In one recent model, for example, I identified general ecological scenarios in which we might expect for behavior-state feedbacks throughout development to lead to increasing behavioral individuality throughout development (i.e., positive feedbacks) vs. behavioral convergence through development (i.e., negative feedbacks).

Figure. Developmental phenotypes spaces where individuals begin life at the apex of each graph and then 'move through' phenotype space, downwards, through development as they hone their phenotypes. Negative state-behavior feedbacks create populations of relatively similar generalists (A), while positive state-behavior feedbacks create populations of specialists, with a high degree of individuality. It's fun to think about these developmental phenotype spaces like developmental 'Galton boards' (C) - evolution sets the 'pins' in the 'board', creating particular distributions of phenotypes as they developmentally flow through Galton board phenotype space.

For an overview of how incorporating development into evolutionary models can provide additional insight and advance the state of theory see: Snell-Rood EC and Ehlman SM. Developing the genotype-to-phenotype relationship in evolutionary theory: a primer of developmental features.

Explaining variation in behavioral responses to anthropogenic environmental change: the roles of developmental and evolutionary histories

Understanding the evolutionary and developmental sources of behavioral variation may improve our ability to predict behavioral responses to novel environments. I study this in the context of theory and fieldwork in the streams of Trinidad.

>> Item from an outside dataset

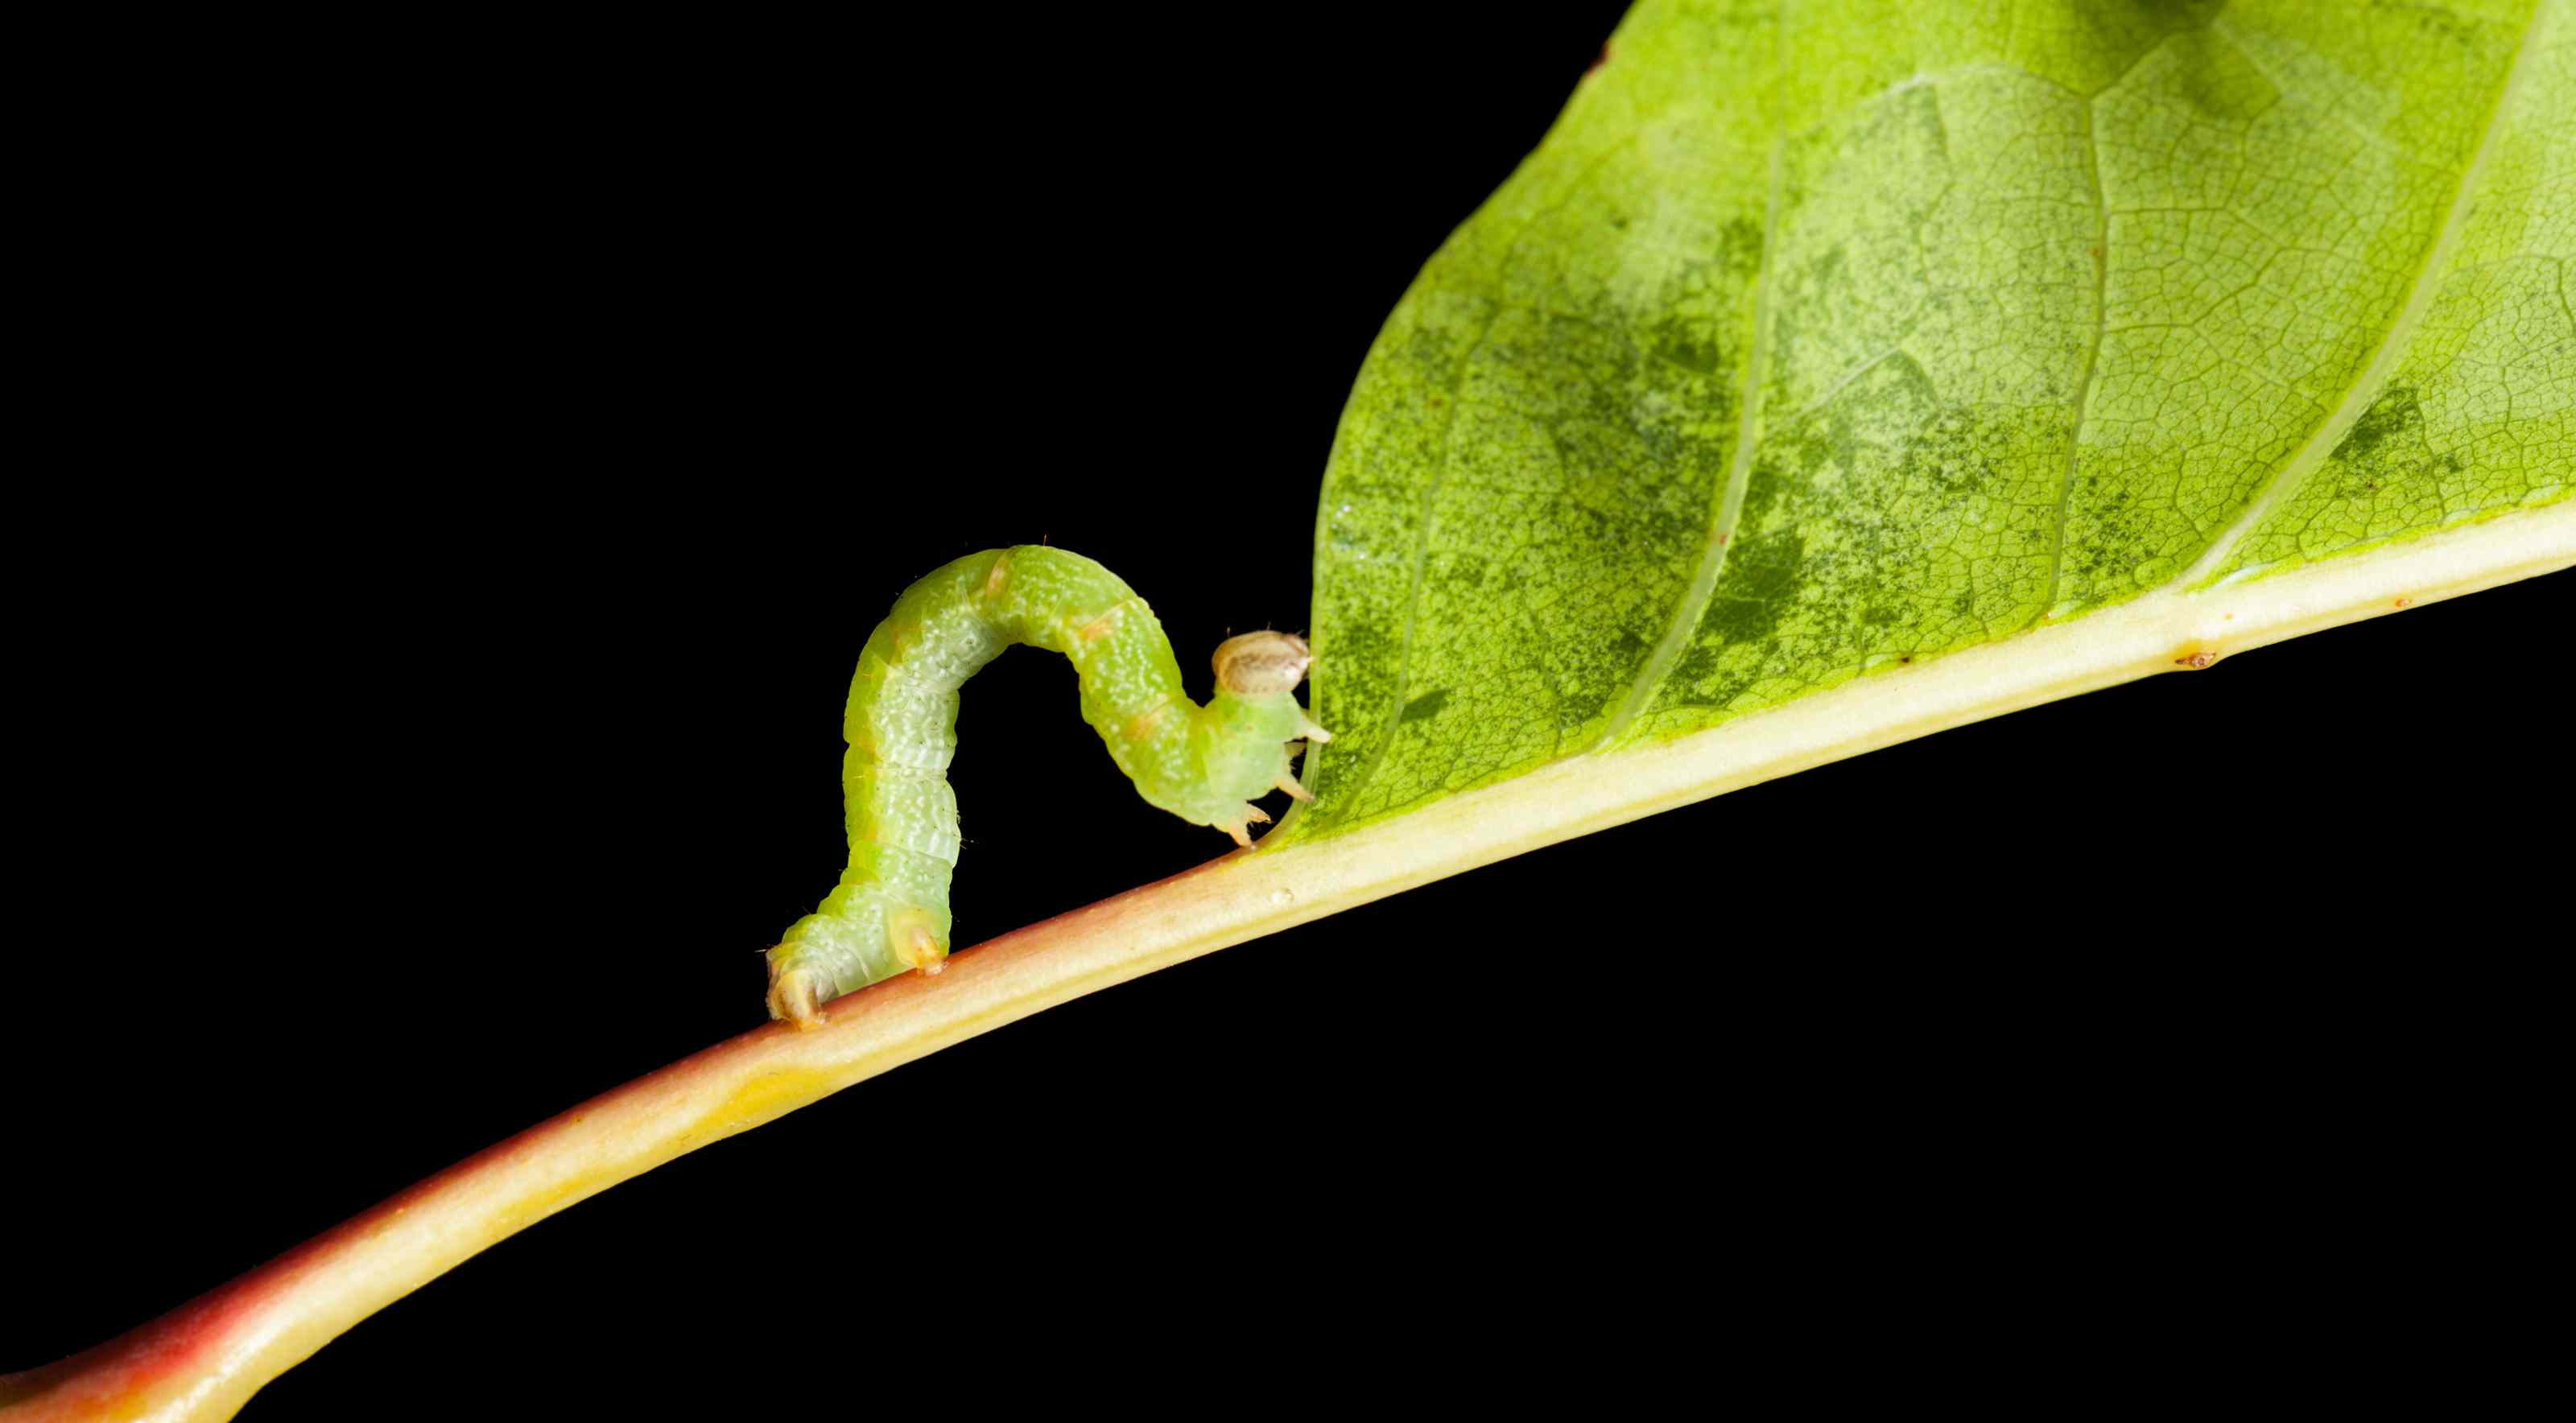 looper caterpillar eating a leaf
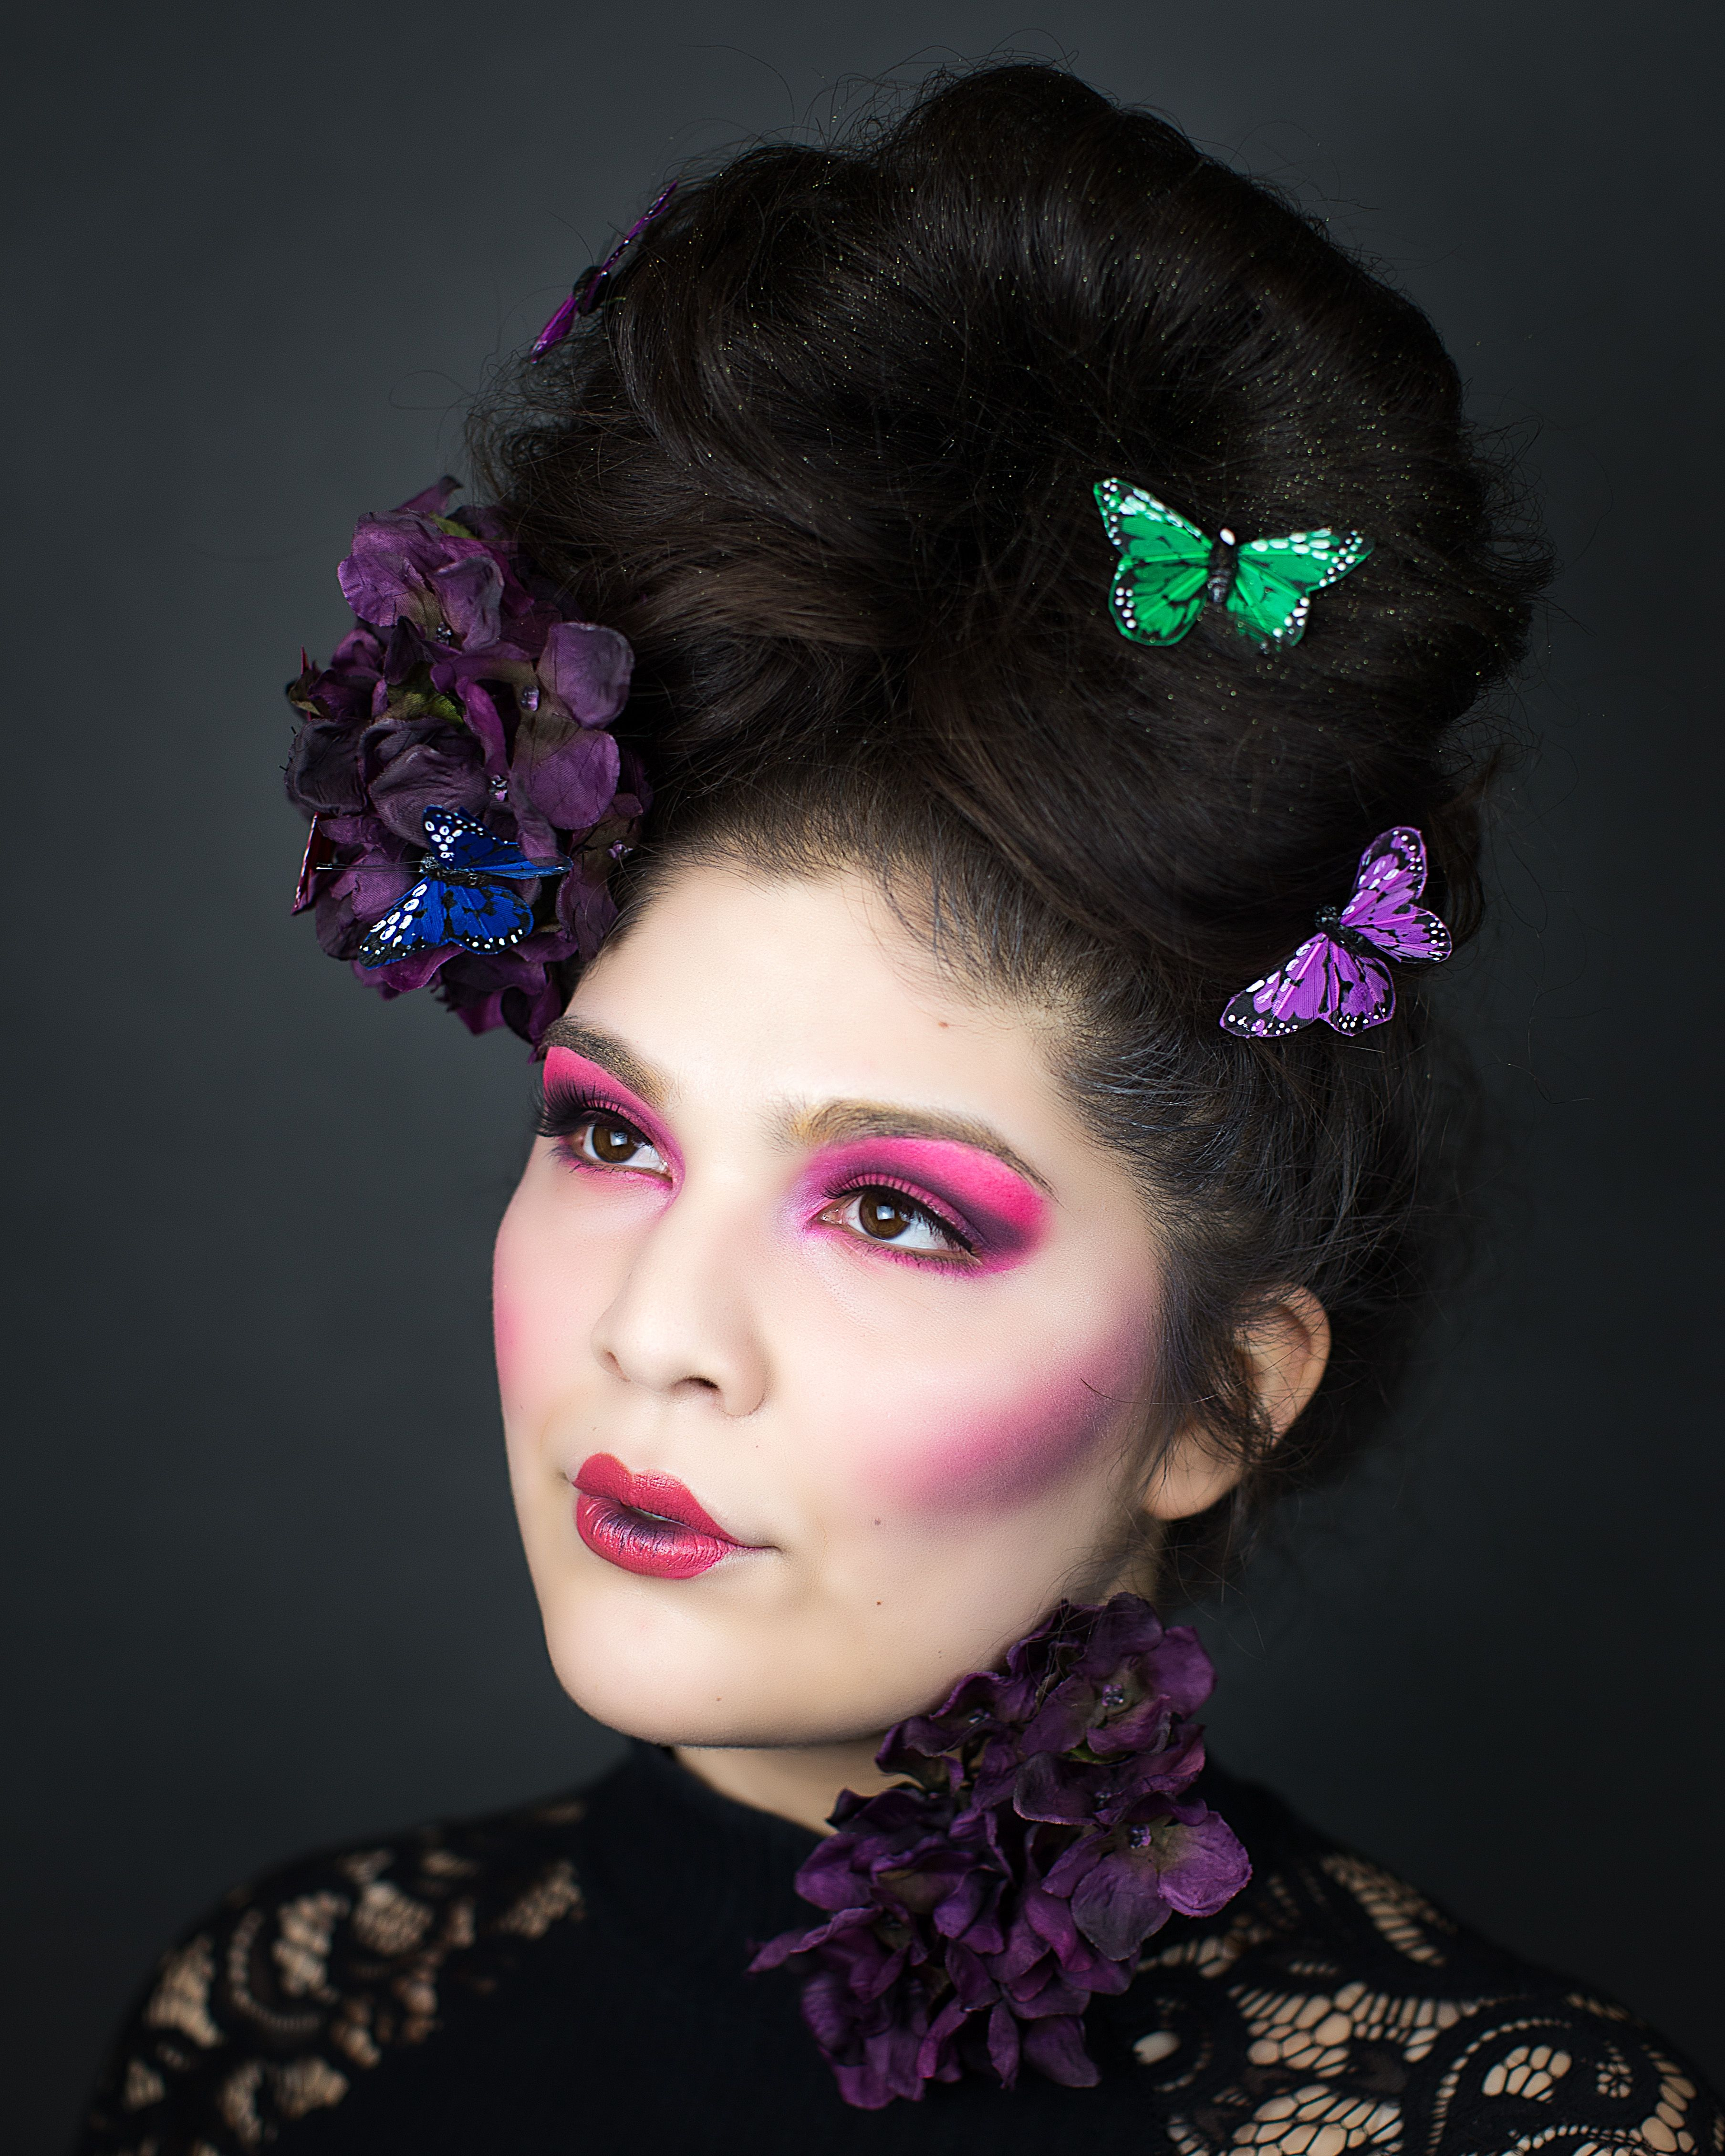 Makeup artist school austin tx with images makeup

Figure. A framework for understanding behavioral responses to novel environments, mediated in part through development. Trains and the systems involved in their development (i.e., 'cue-response systems') are shaped by past environments; the degree to which they are affected by environmental change depends on the match/mismatch between past and novel environments. Adapted from Sih A, Trimmer PC, and Ehlman SM. A conceptual framework for understanding behavioral responses to HIREC.

From a theoretical perspective, I build evolutionary models that predict optimal behavioral rules in ‘natural’, pre-change environments and then ask what the fitness costs are of anthropogenic changes before behaviors have a chance to evolve or plastically adjust. From here, models then accommodate developmental processes such as plasticity, assessing the degree to which development may compensate for a lack of previous experience with novel environments. My colleagues and I have explored this framework to produce insights in contexts ranging from predator prey-interactions, novel resources, habitat alterations, and susceptibility of animals to evolutionary traps...but there's much more to do!

My empirical work in this area focuses on understanding variation in behavioral responses of the Trinidadian guppy to salient environmental changes in the Trinidad Northern Range Mountains, namely deforestation and rock quarrying, resulting in dramatically altered stream environments. Additionally, some streams also harbor novel predators, such as tilapia from local aquaculture activities. This system is well known in ecology and evolution since populations of guppies are locally adapted to particular predation regimes, with some 'low predation' populations differing dramatically in behavior, life history, diet choice, and mate choice compared to their 'high predation' counterparts. I leverage the wealth of natural history knowledge in this system to ask how populations with different evolutionary histories respond to novel environmental conditions, and whether development has a role to play in mediating these divergent responses.